Верховный жрец отвечает короткой фразой.
Затем отрывистая барабанная дробь и быстрые фигурации инструмента, похожего на флейту, но звучащего как волынка. Под удары барабана дервиши как по команде встают - резко и словно в каком-то озарении. Это зрелище очень волнует. В глазах воинов веры сияет фанатичная решимость. Шейх тоже стоит. Я не заметил, как он поднялся. Барабан снова молчит. И только после длинной интродукции стенающей свирели он вместе с бубнами начинает скандировать ритм медленного марша. Скрипку в дуэте со свирелью это не сбивает.
Внизу, в круге, шейх первым делает три шага, оглядывается на цепочку дервишей и глубоким поклоном приветствует старейшего, который стоит во главе своих подопечных. Тот сразу же кланяется в ответ. Шейх шагает обратно вместе со стариком, который держится на строго определенном расстоянии. Шествие продолжается; шейх идет вперед, в то время как старец поворачивается к шагающему следом, чтобы поклониться ему точно так же, как склонялся перед старцем шейх. Каждый дервиш, один за другим, делает то же самое. В такт на четыре четверти ударных при беспорядочных наигрышах флейты церемония повторяется троекратно.
Затем музыка оживляется. Шейх и старец снова подходят друг к другу с поклонами. Они представляют собой врата, сквозь которые проходит каждый дервиш, целуя перед тем руки обоих "столпов". Минуя эти врата, дервиш, отделившись от грани круга, начинает медленно вращаться.
Флейта и скрипка уже не одиноки. Хриплые голоса стариков наверху усиливают хаос мелодий.

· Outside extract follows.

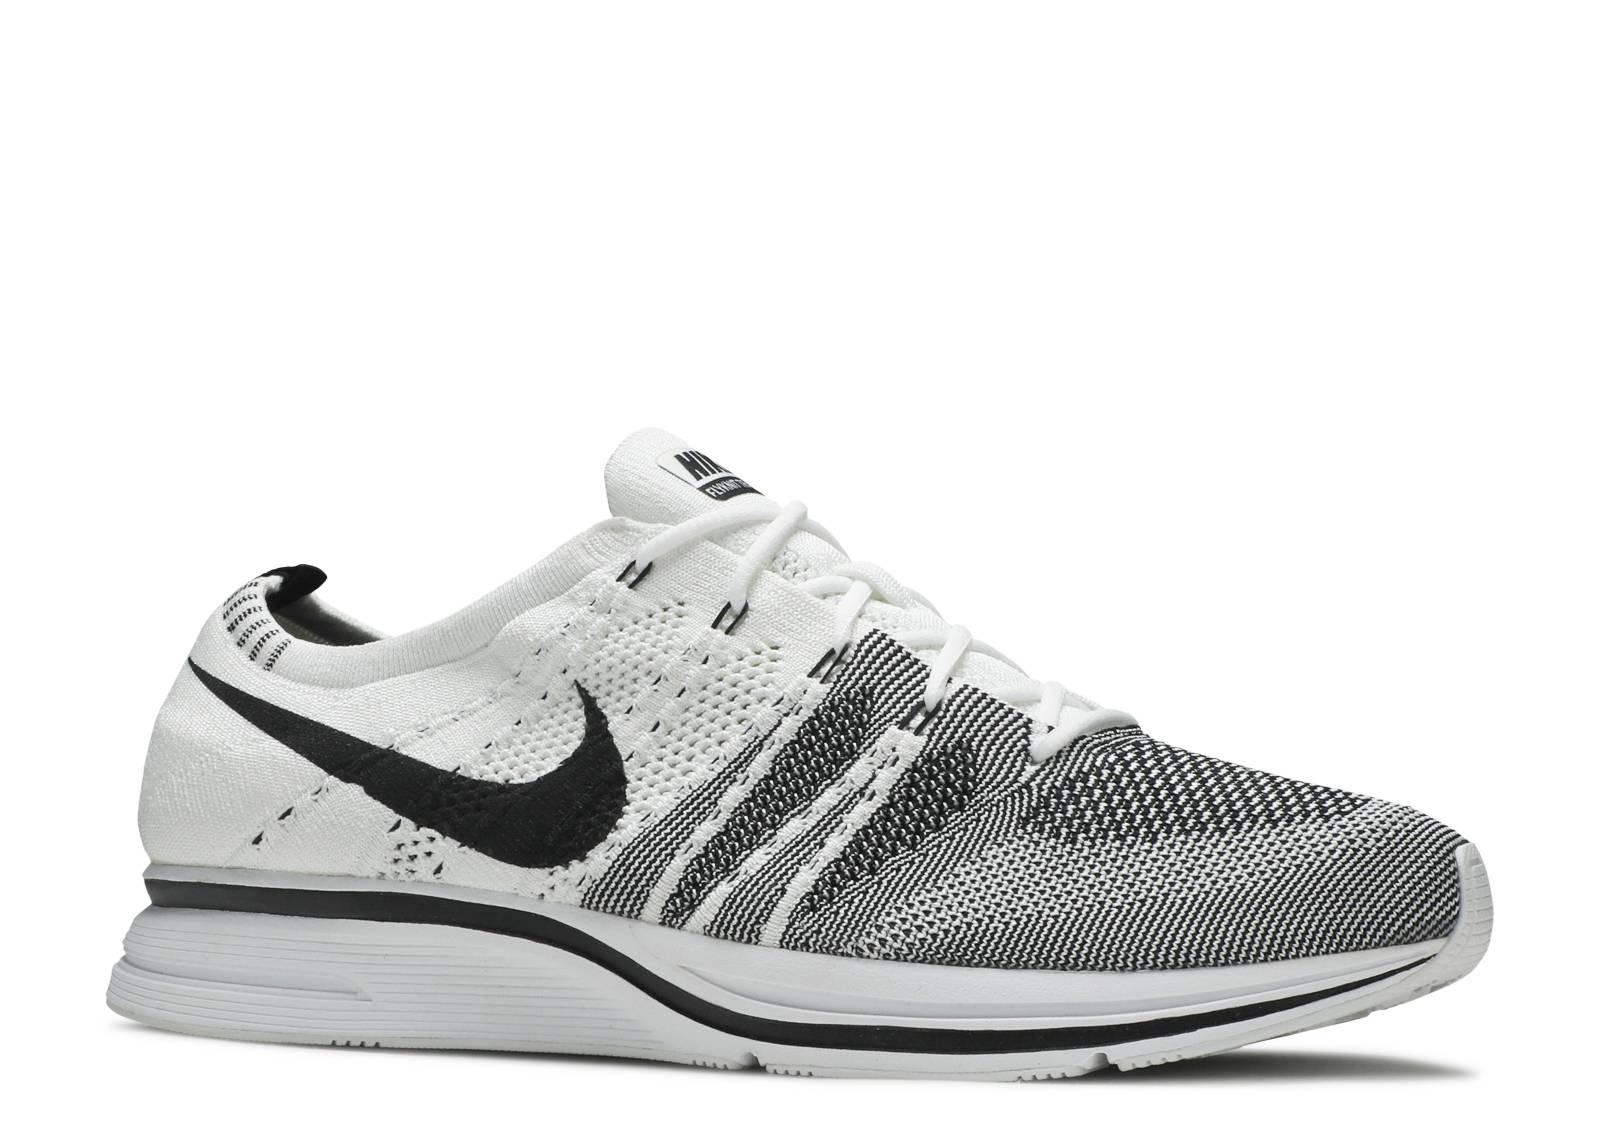 655c48291a5e Nike Flyknit Trainer - Nike - ah8396 100 - white black-white ...
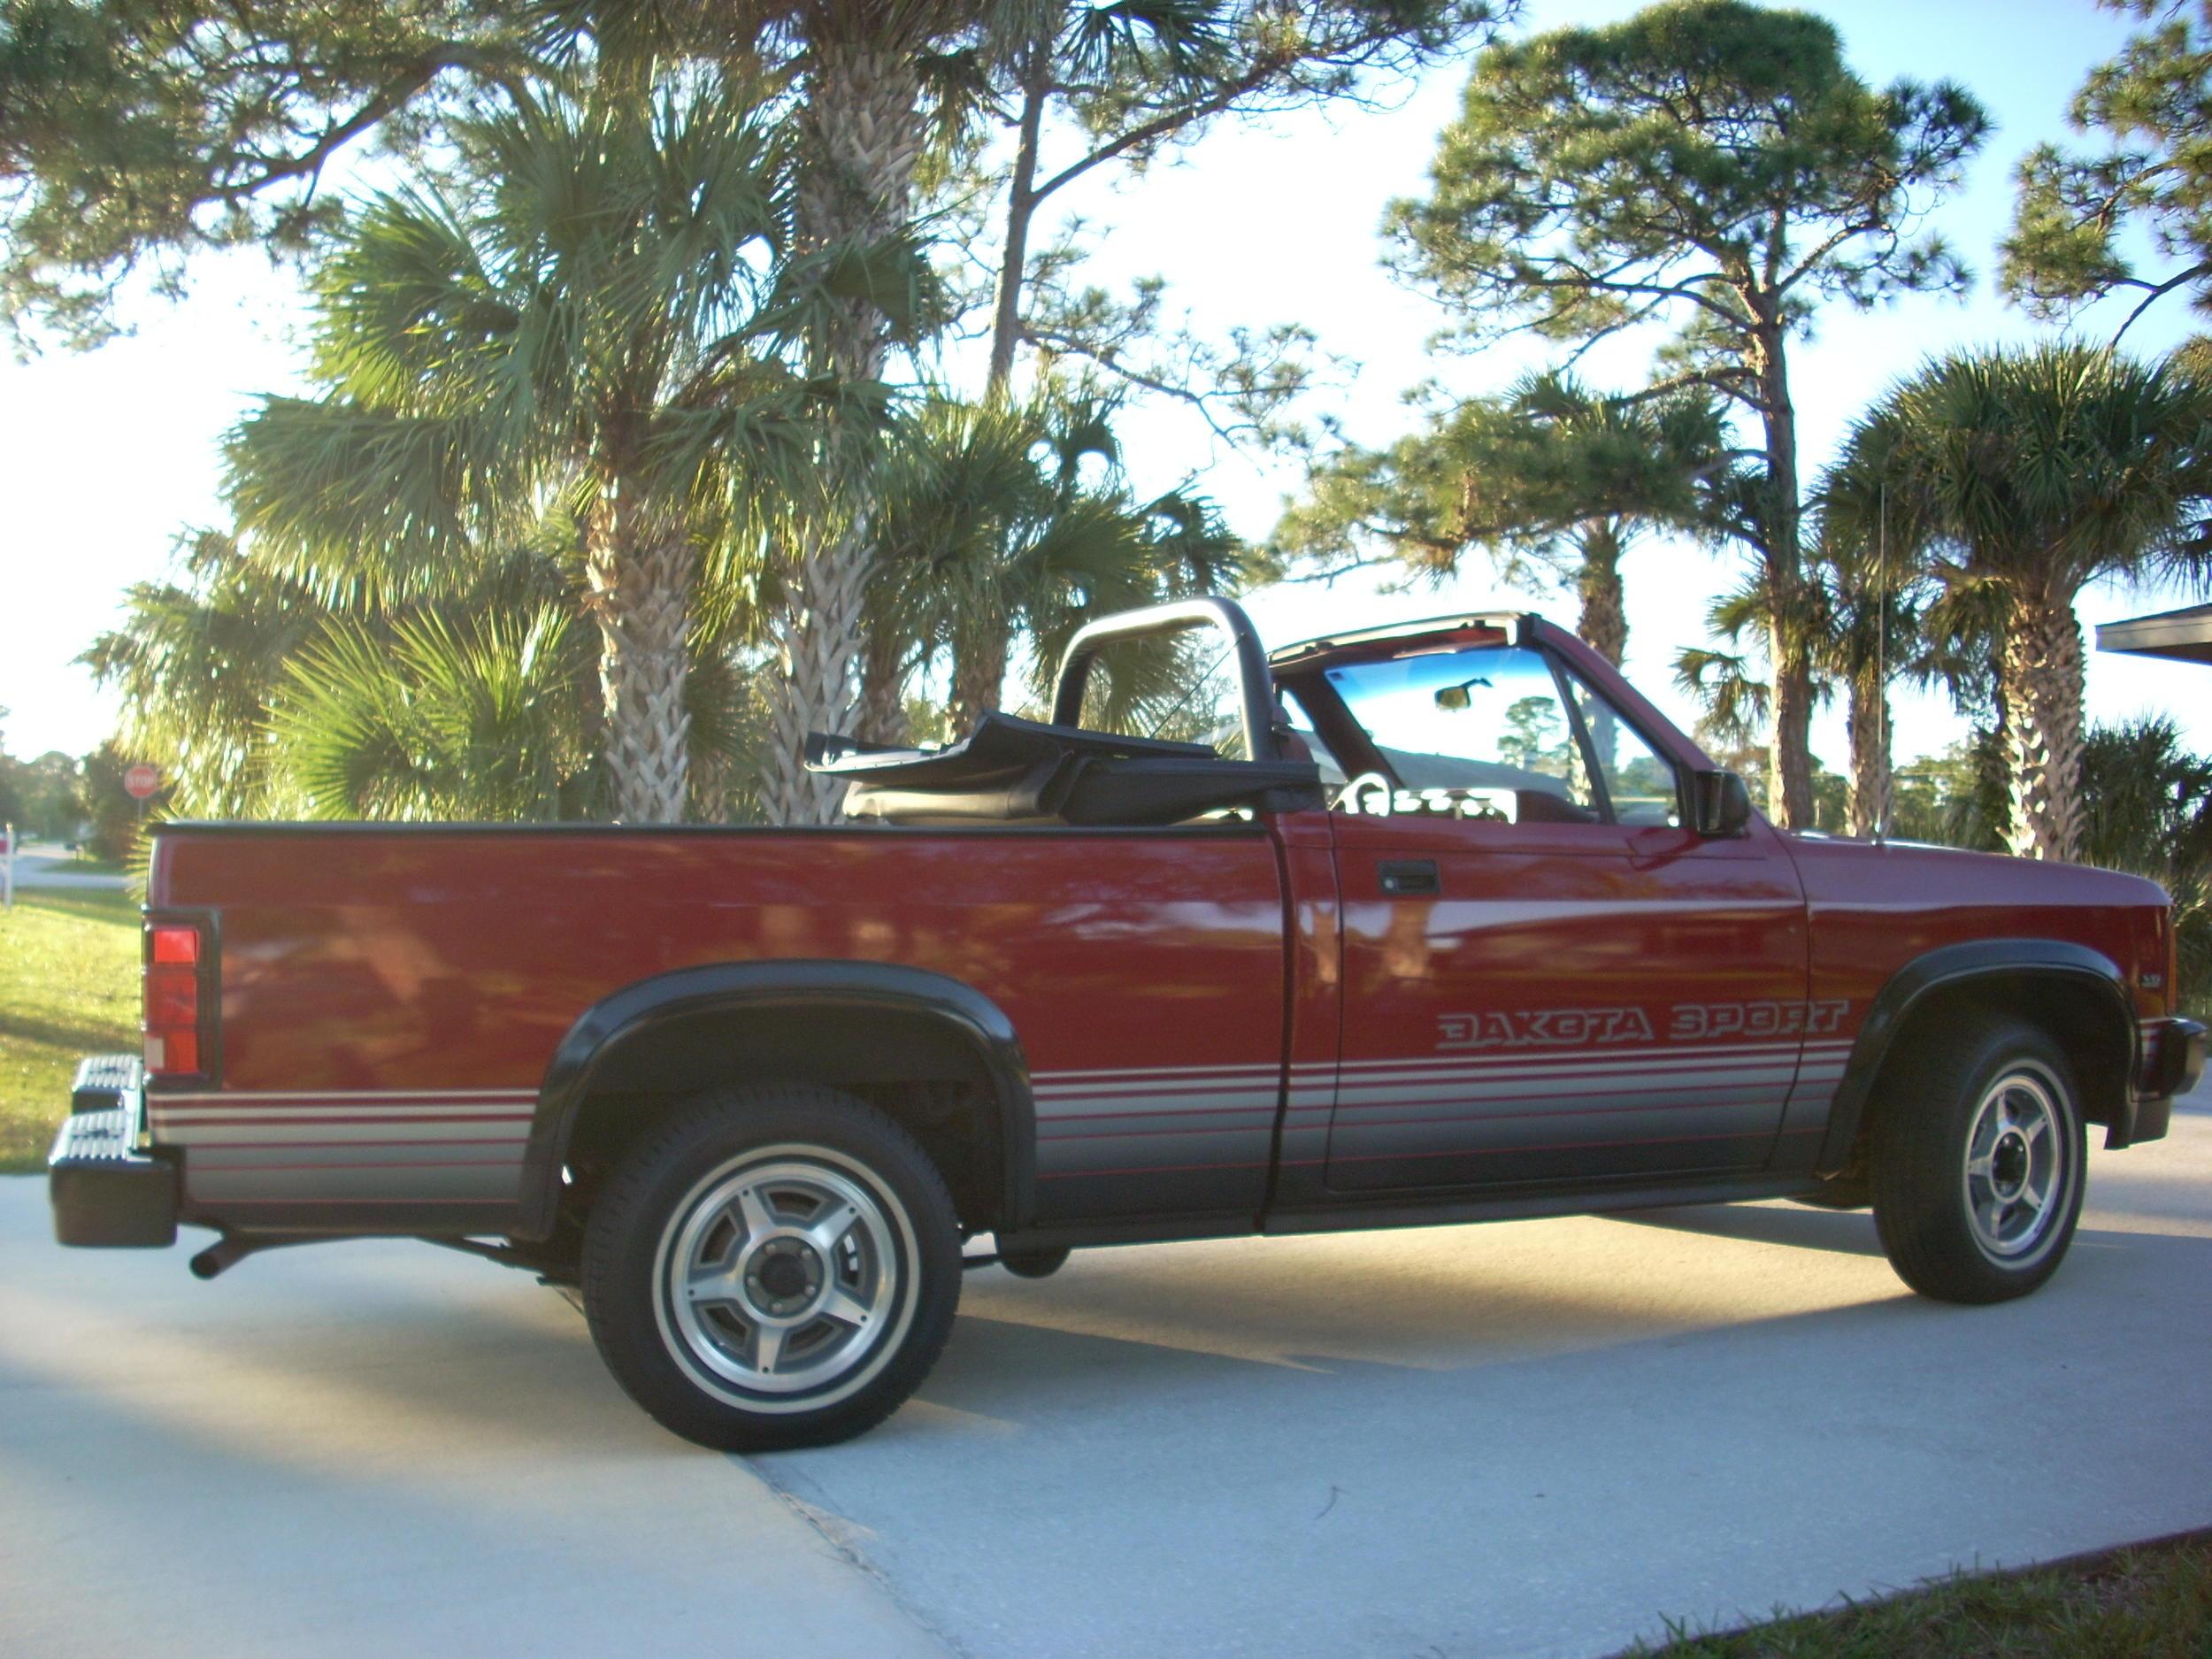 D Dodge Dakota Sport Convertible Sale Dscn on 1989 Dodge Dakota Convertible For Sale

Дервиши, скрестив руки на плечах, по очереди проходят в узкие врата, затем наконец глубоко вздыхают и закрывают глаза. Они поднимают к Аллаху правую руку с пустой, принимающей благословение, тарелкой, левую же, растопырив пальцы, опускают, как стрелку часов, к земле. Молния прилетает и улетает, не сжигая их. Так пронизывает нас небесная жизнь и божественная милость. То, что жадно принимает тянущаяся вверх правая рука, левая, направленная вниз, должна заплатить смерти. Экстатическое Я - не более чем медиум божественного.